Marcus’ mom might be in danger …

The final episode of the season focuses for too long on pastry chef Marcus’ phone, buzzing with missed calls from his mom’s nurse. Marcus’ mom was seriously ill throughout season two, so it was a huge deal when, earlier in the season, Carmy sent our doughnut-loving chef to Copenhagen for a dessert apprenticeship. He was so hesitant to leave his mom, but the experience was creatively fulfilling and inspiring for sweet Marcus. Couldn’t “The Bear” let him hold onto that happiness? Multiple messages from his mother’s nurse is definitely not a good sign for The Bear’s chillest employee.

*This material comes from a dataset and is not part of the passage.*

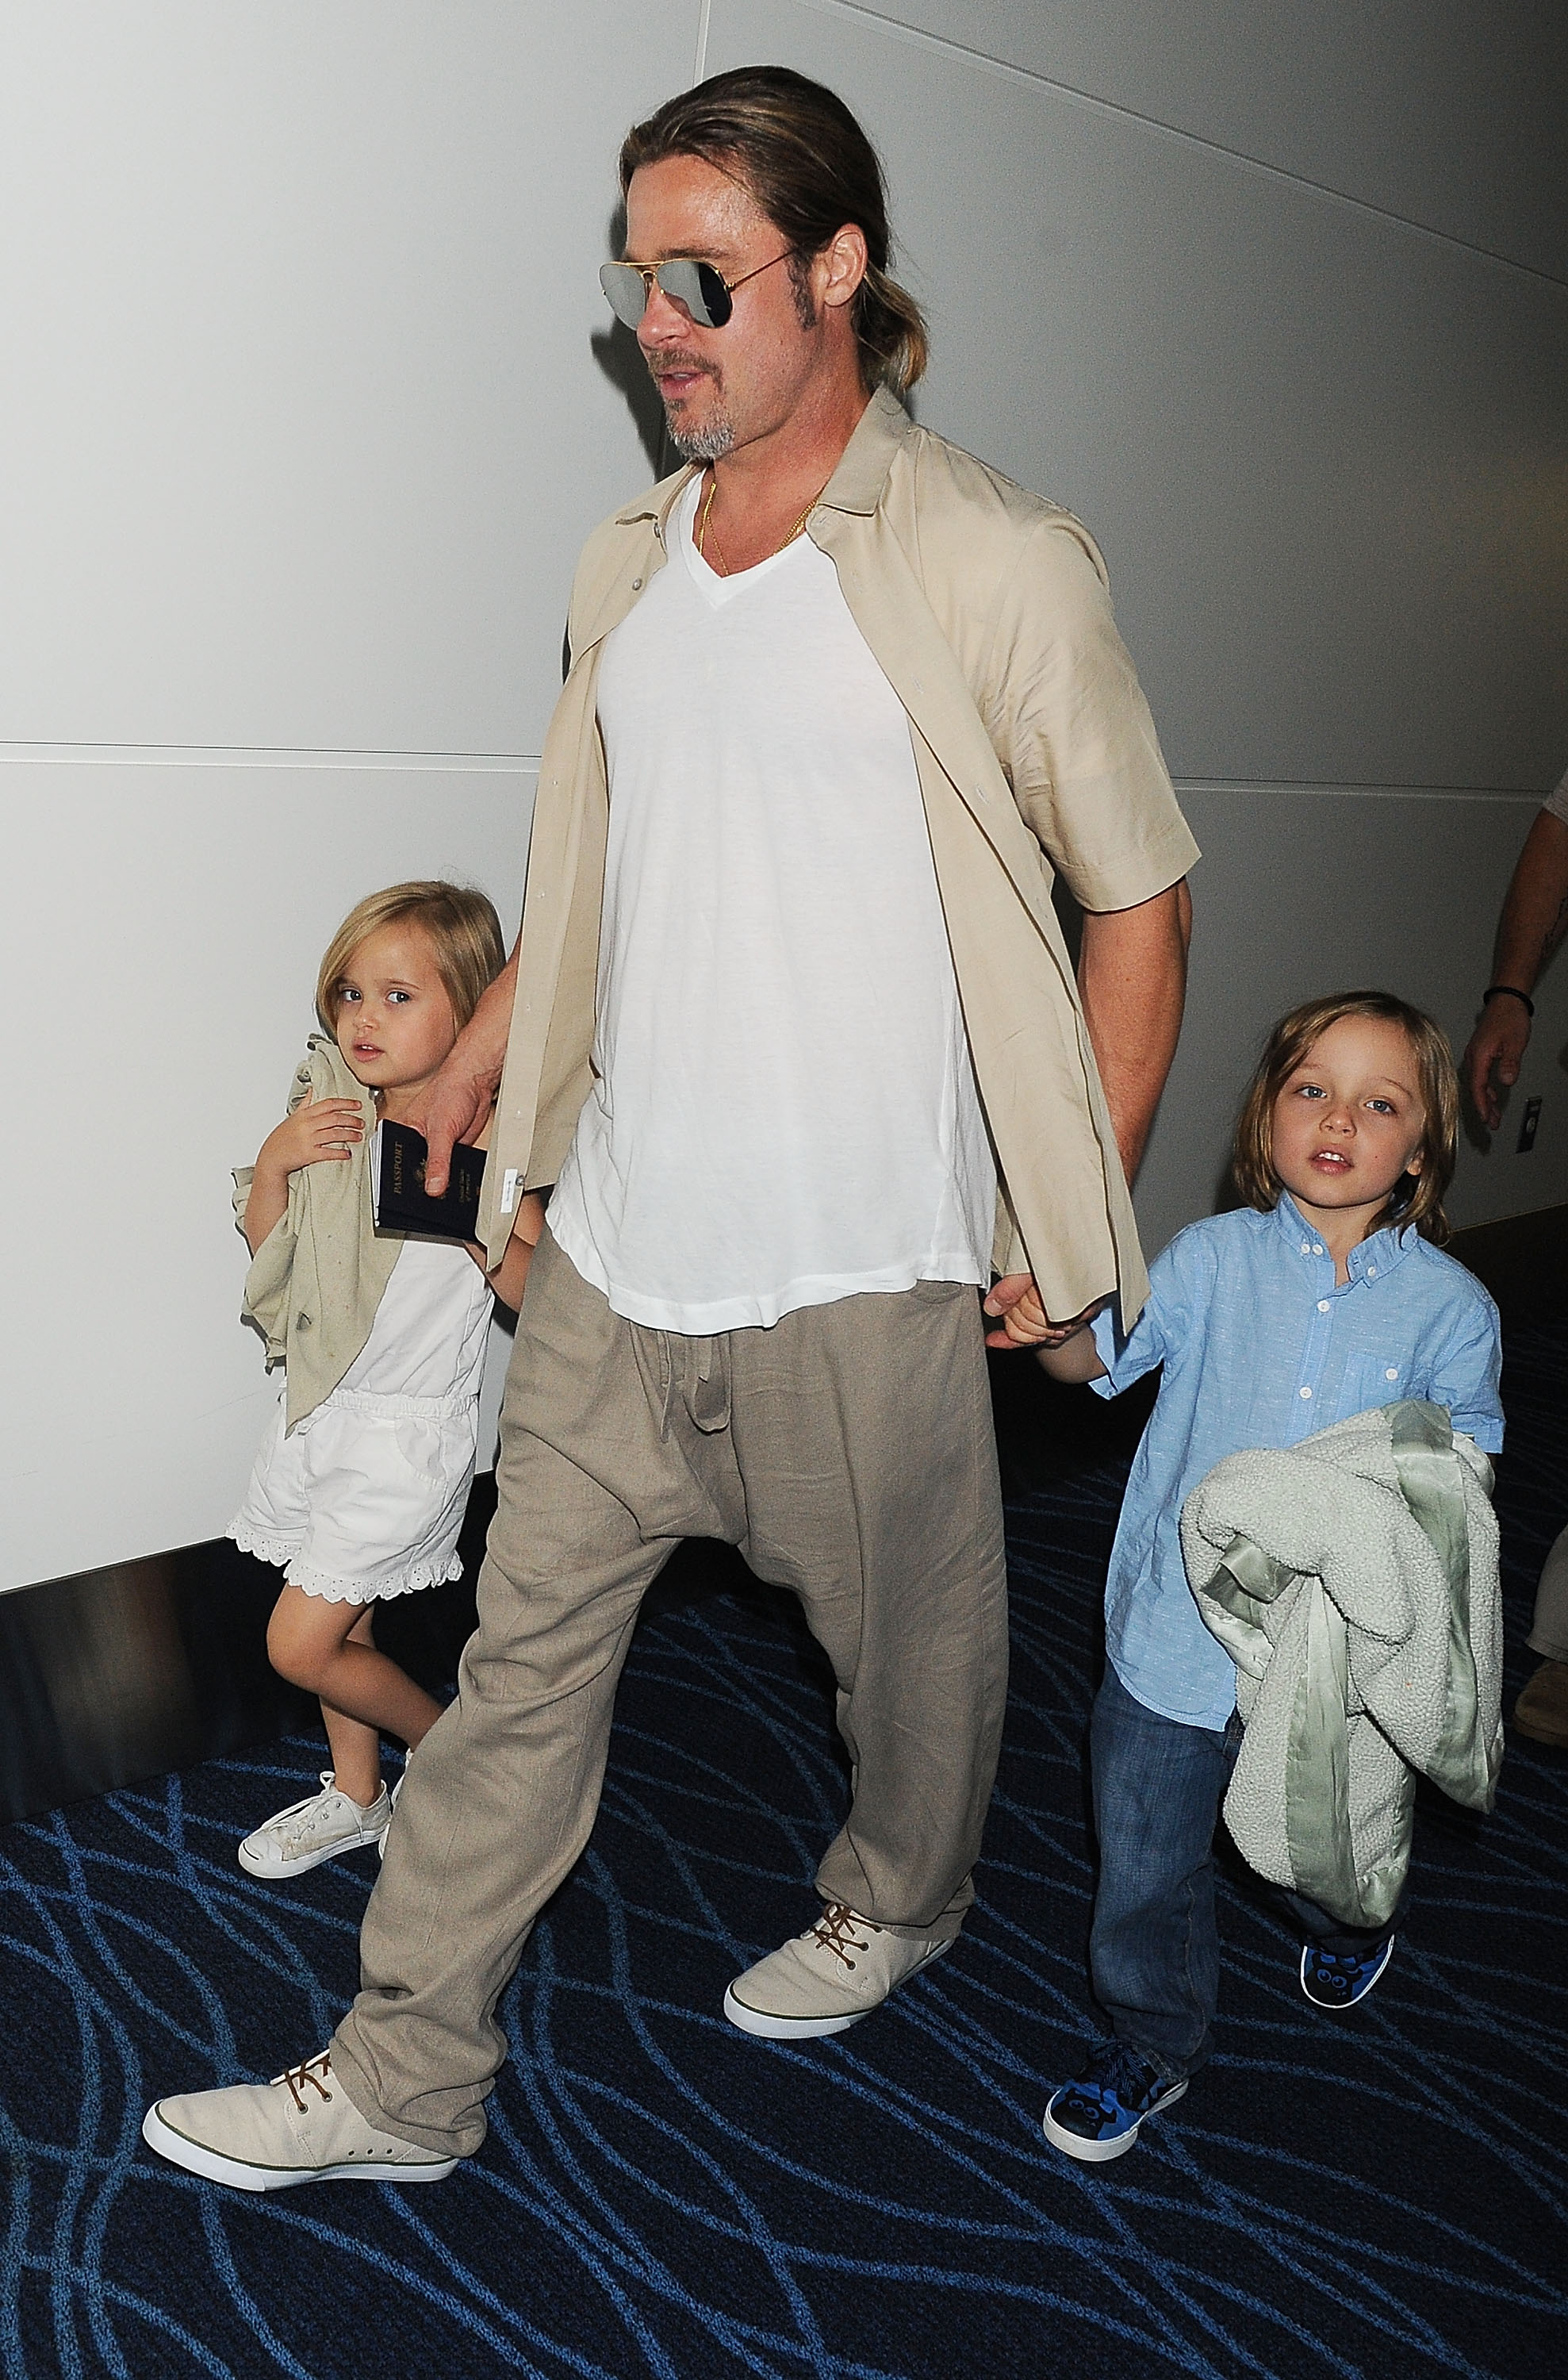 Brad Pitt y sus hijos gemelos Knox y Vivienne Jolie-Pitt el 30 de julio de 2013, en Tokio, Japón | Fuente: Getty Images

… while Carmy’s mom is still starting drama

Things are … not great between the surviving Berzatto children and their mother, played by Jamie Lee Curtis. Last season’s Christmas flashback episode introduced us to Donna Berzatto as the hard-drinking, emotionally vampiric and deeply depressed mother who broke down while cooking the traditional Italian “feast of the seven fishes” and drove her car through her own house. Merry Christmas, indeed.

When we meet Donna in the present day, she’s hiding outside the restaurant. She can’t bring herself to come in because she doesn’t want to ruin the nice thing her kids made together. Maybe she’ll let her kids feed her at The Bear this season.

What’s on the menu in Season 3

The interpersonal dynamics in The Bear’s kitchen are perhaps more fragile than the electrical wiring Mikey bungled to burn the restaurant down.

Will Sydney and Carmy find a professional arrangement that works for them? Will Carmy win Claire back, or even try? What will become of Marcus’ mom, and how will that affect him in the kitchen? Will The Bear earn that Michelin star and stick it out in the Chicago restaurant scene? Will Curtis, Colman, John Mulaney, Bob Odenkirk and Sarah Paulson return as guest stars, or will a new slew of celebs cameo? And which Taylor Swift song will Richie rock out to this season?

All will be revealed (we hope) when “The Bear” returns.